Languages are easier to work with the bigger the ecosystem.
I’ve been installing a lot of things written in rust recently, and I’ve noticed a trend between them. They’re all stable, fast, and very user-friendly. I don’t really have to fiddle with them nearly as much. I think there’s a lot that goes into this, but it really boils down to: rust is safer and prevents huge categories of bugs, it’s incredibly stable and requires less debugging and maintenance, it has extremely high level abstractions to make development quick and less verbose, and it has the best tooling I have seen for any language.

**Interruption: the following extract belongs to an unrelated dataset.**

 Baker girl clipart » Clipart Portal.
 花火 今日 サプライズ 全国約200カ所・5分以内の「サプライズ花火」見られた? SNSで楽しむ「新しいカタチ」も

It enables developers so effectictively that the things that are usually tedious and difficult become easy and potentially mandatory, and so you just get better software.
I know that sounds pretty abstract and opinionated, but having used the language for several years now, and especially coming from Java, I have really felt an incredible difference - I stopped having to constantly fix breaking Gradle builds and JVM version management, I stopped getting null pointer exceptions, and I had much more powerful tools for building abstractions. When you see how much control and power rust gives you while still keeping you safe, it’s just night and day compared to the especially old languages like C.
Basically, anything written in rust will be better if it can enable developers to spend their time working on useful features instead of fixing bugs, fiddling with build systems and fragile legacy infrastructure cobbled together from dozens of third party tools.